[Voice analysis] based on matlab voice short-time frequency domain analysis [including Matlab source code 558]

1. Introduction

Principle
1
Short Time Fourier Transform Short Time Fourier Analysis (Short Time Fourier Analysis, STFA) is suitable for analyzing the spectrum analysis of slow time-varying signals, and has been widely used in speech analysis and processing. The method is to divide the speech signal into frames first, and then perform Fourier transform on each frame. Each frame of speech signal can be considered to be cut out from various different stationary signal waveforms, and the short-time frequency spectrum of each frame of speech is an approximation of the frequency spectrum of each stationary signal waveform.

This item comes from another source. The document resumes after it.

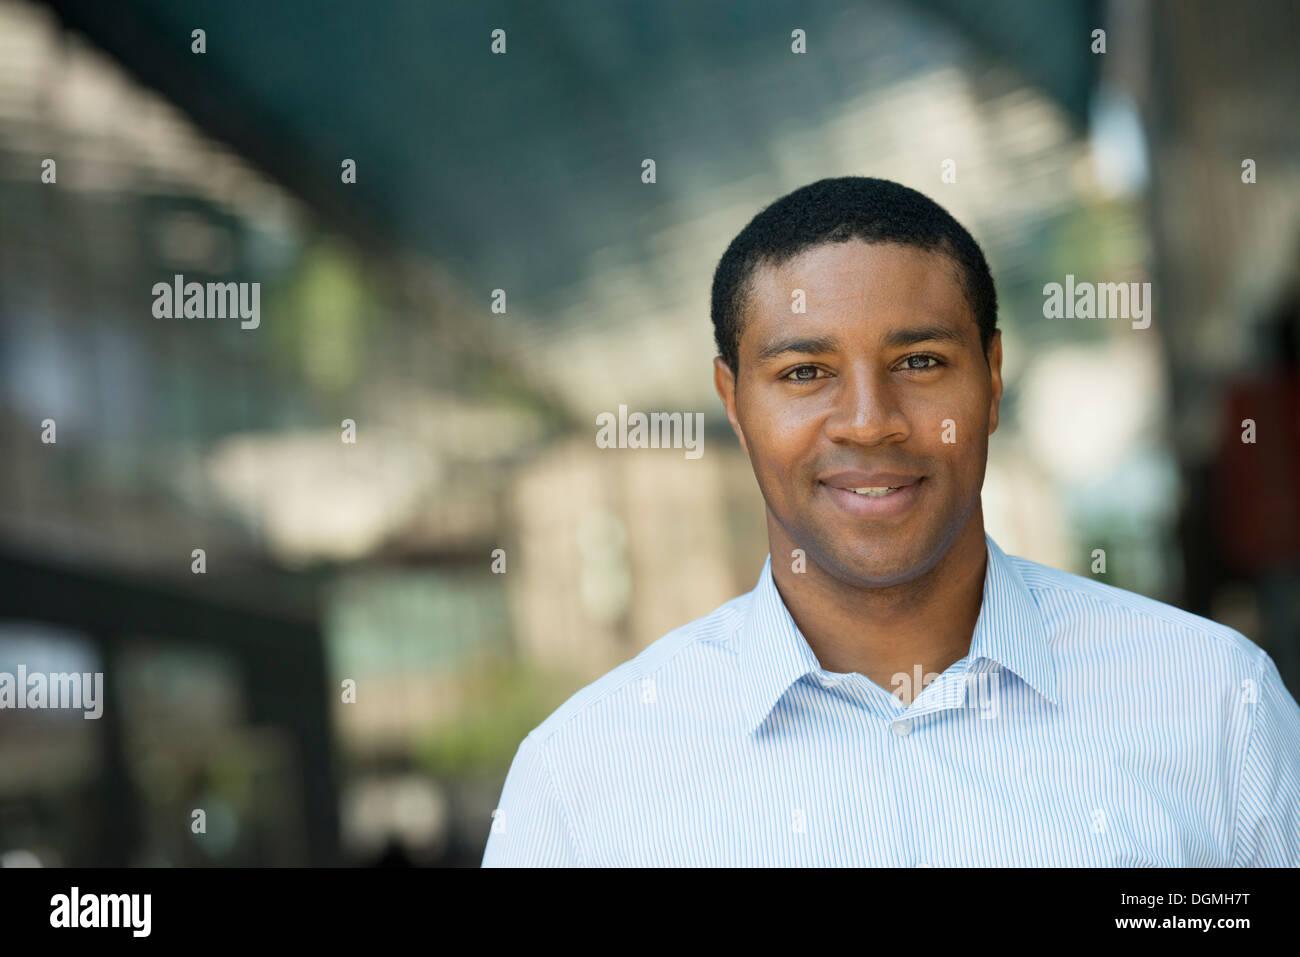 849005fee4e73 Geschäftsleute unterwegs. Ein lächelnder Mann in einem offenen necked Hemd.  Stockbild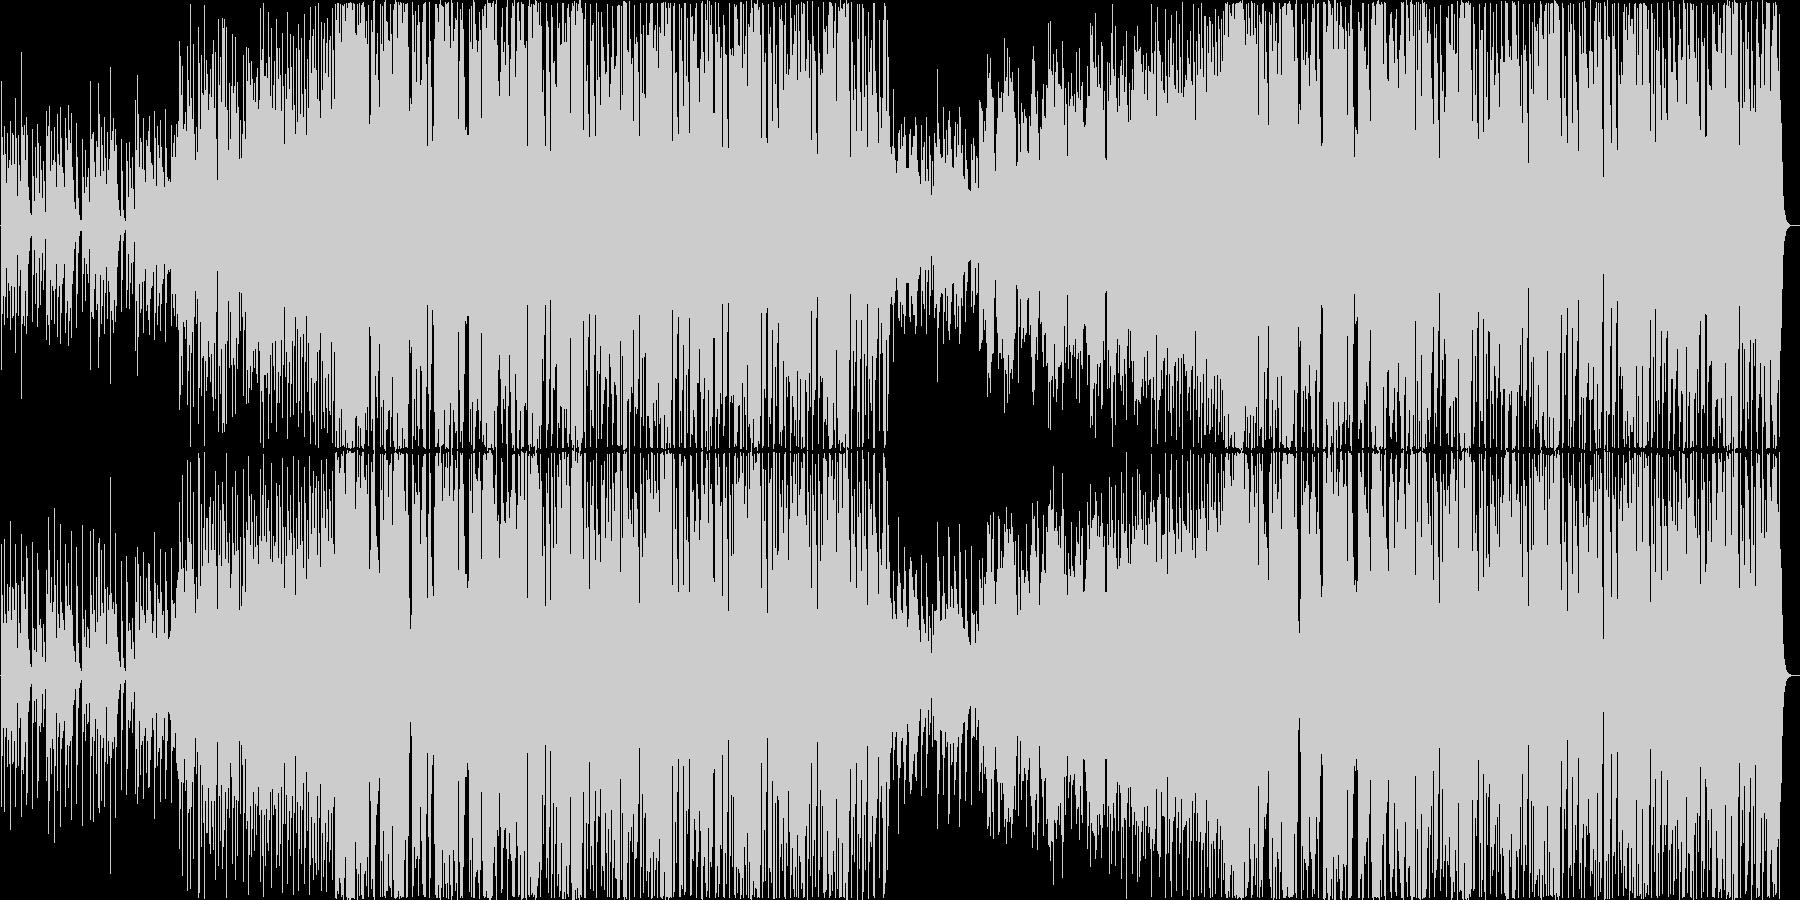 ダブステップ 実験的 積極的 焦り...の未再生の波形

Since the speech signal is short-time stable, the speech can be divided into frames and the Fourier transform of a certain frame can be calculated, so that the short-time Fourier transform is obtained. It is defined as
Insert picture description here

③The shorter the window length, the higher the time resolution, but the frequency resolution will decrease accordingly. For example, using a short window can clearly observe the changes of formants in different pitch periods, but the fine structure of the fundamental frequency and harmonics disappears on the short-term spectrogram.
④ Due to the contradictory relationship between time resolution and frequency resolution, when performing short-time Fourier transform, the window length should be selected as a compromise based on the purpose of analysis.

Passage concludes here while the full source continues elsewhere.